# Toro 826



## leonz (Dec 12, 2014)

If anyone has one of the recent years 826's-

Have they slowed down the first gear on the 826?? 
Or is there enough room let on the hex shaft to slide 
the rubber traction wheel inward to readjust the 
forward speed to a slower speed????


----------



## 140278 (Aug 27, 2020)

928 max here and yes i was able to move it a little bit to a more grannie gear like movement by sure accident after i had to remove the shaft to clean off the mouse pee rust off it that caused the wheel to lock up on it .


----------



## leonz (Dec 12, 2014)

Hello Captchas,

Thanks for getting back to me about the speed issue as I am about to go to the credit union and ask/beg/hope for a small loan to buy one.

I tried calling TORO this morning and that became a circular firing squad as they do not answer questions about the mechanical side of their snowblowers. 

If the one that I looked at is still there I have to remove the wheels, cross auger shaft and impeller to lather the shaft stubs up with neversieze as they are all rusty. 

It would give me a good excuse to go to KAMAN in Horseheads to get real bearings for the cross auger stub shafts.

I am going to get finicky and fussy about it before I coat the housing with at least 3+ coats of Fluid Film before I 
reassemble it and put it in the shed next to the S200 and the CCR3000GTS and hope I will not have to separate them due to their barking and growling at each other as the other two still have their certified and serial numbered cans of whoop ass from when I brought them home. 

What worries more is the lack of a front weight now as even the larger models do not have holes for the weight kit from what I saw on Saturday at the home despot and on the TORO web site.

I have chains I can use and I can load the tires with windshield washer fluid but I am more worried about it climbing rather than staying on the ground and eating the END OF DRIVEWAY MONSTER to feed the little moat monsters. 
I cannot put a weight in the belly pan as it is plastic from what I remember.

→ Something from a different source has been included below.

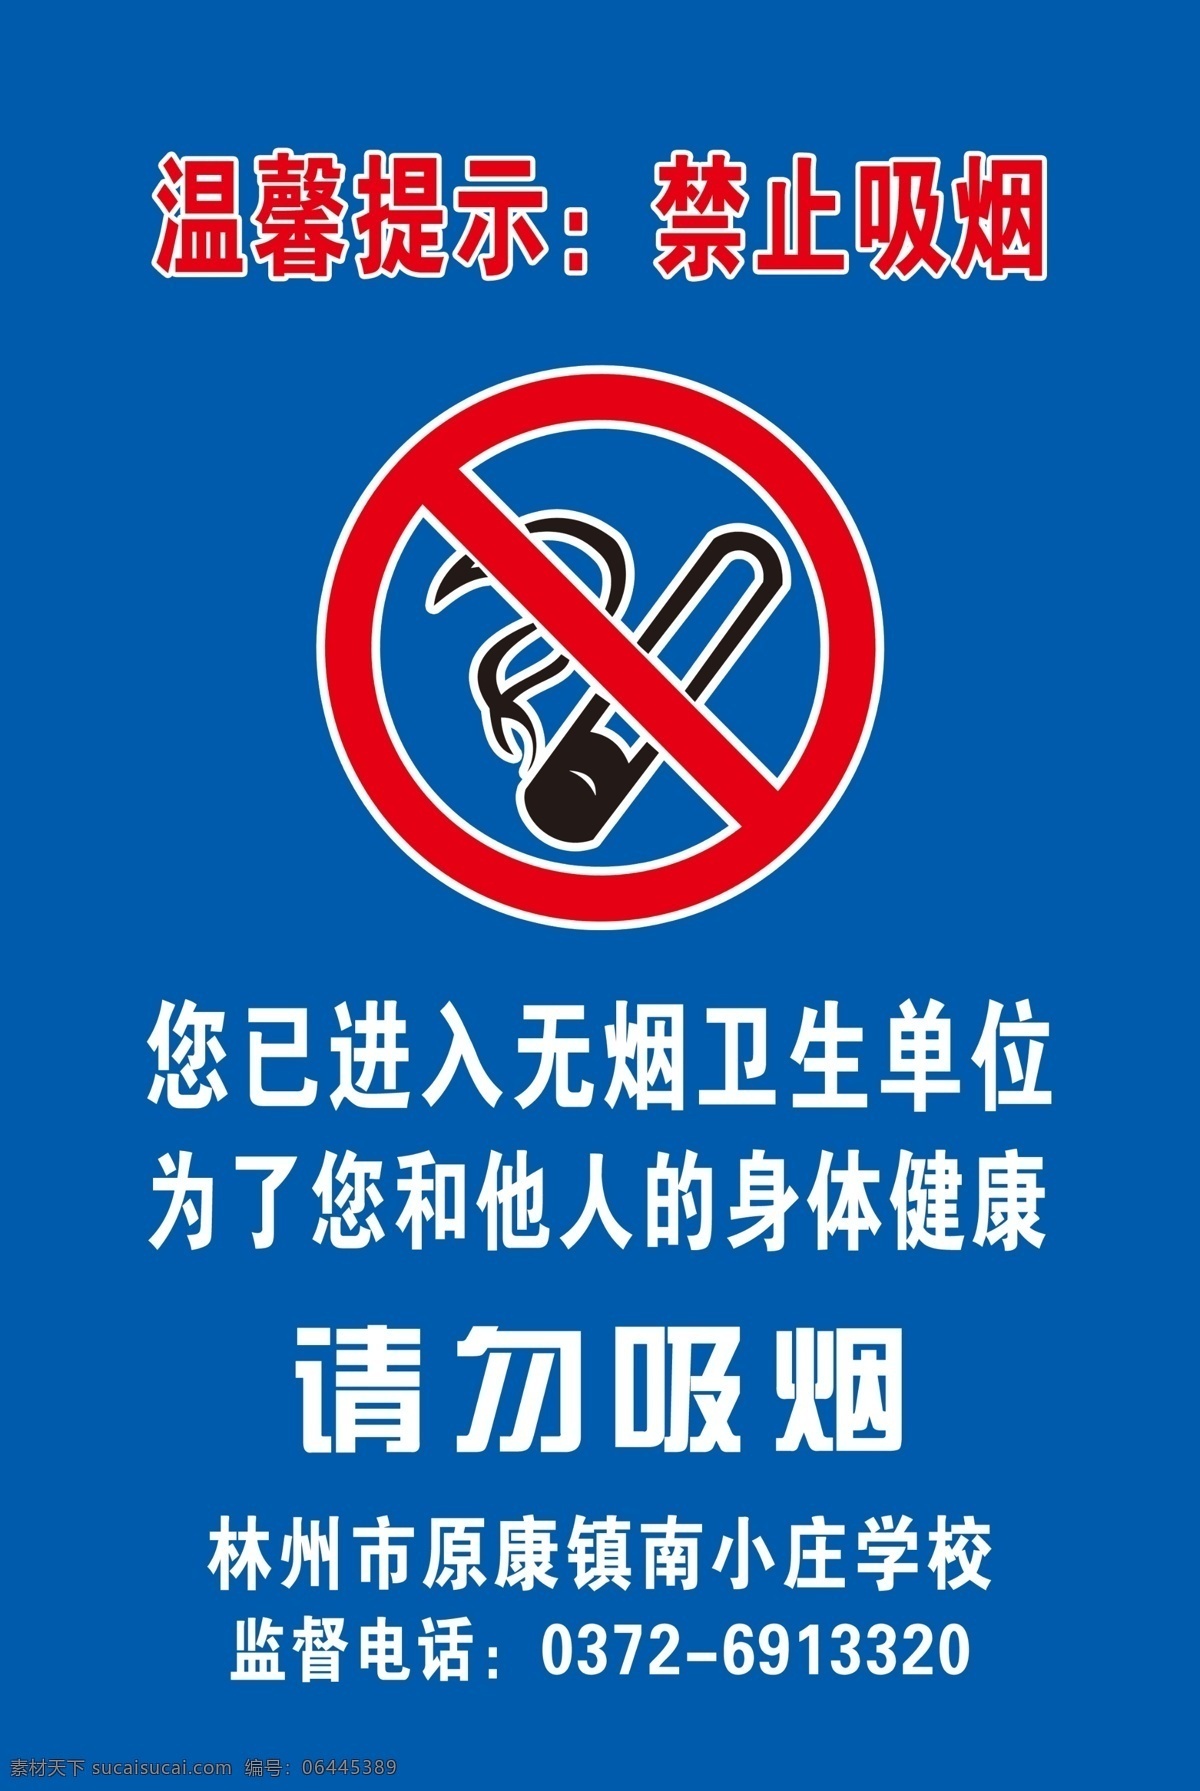 请勿吸烟 禁烟 学校 小学禁烟 无烟校园 南 xiao 庄 校 室外广告设计

There is enough room there to stack some plate steel on the front edge; I just have to see what my local steel reseller has for thick flat stock as it will need to be drilled out to mount them on the cross auger housing.

I have out find out if the electrical system can handle a small light bar along with the OEM TORO supplied light to.


----------



## 140278 (Aug 27, 2020)

auger cast side bearings i was able to with out removing drill and tap for a zerk fitting in the smaller part, while at it also fully tap though from out side the housing to add a extra 1/4 inch of flange bolt throw away the self tapper's toro uses , rear main auger bearing is more of a pain but i did remove the allen head screw they use to keep it form spinning , drill though there, clean the drill bur from the inside tap for a zerk, more or less peace of mind that i can add a small short of grease to help the oi lite bearings

something i found the hard way with mine being it's a lever turn, those grade 8 bolts with spacers holding the wheels on, can and do snap off from side thrust, keep spares, i stopped using the longer bolts toro uses with spacers for a shorter one with out staying grade 8. seems IMM anyway to help as instead of loosing a few a year i've dropped to only non in a full winter 

watch the stamped skids, soft and cheap steel, they wear fast , lucky you can flip them over and reuse but the the cast iron replacements are much better 

still i look at the rust from under the welded sections and paint and cry, that toro told us TOUGH cookies on your own


----------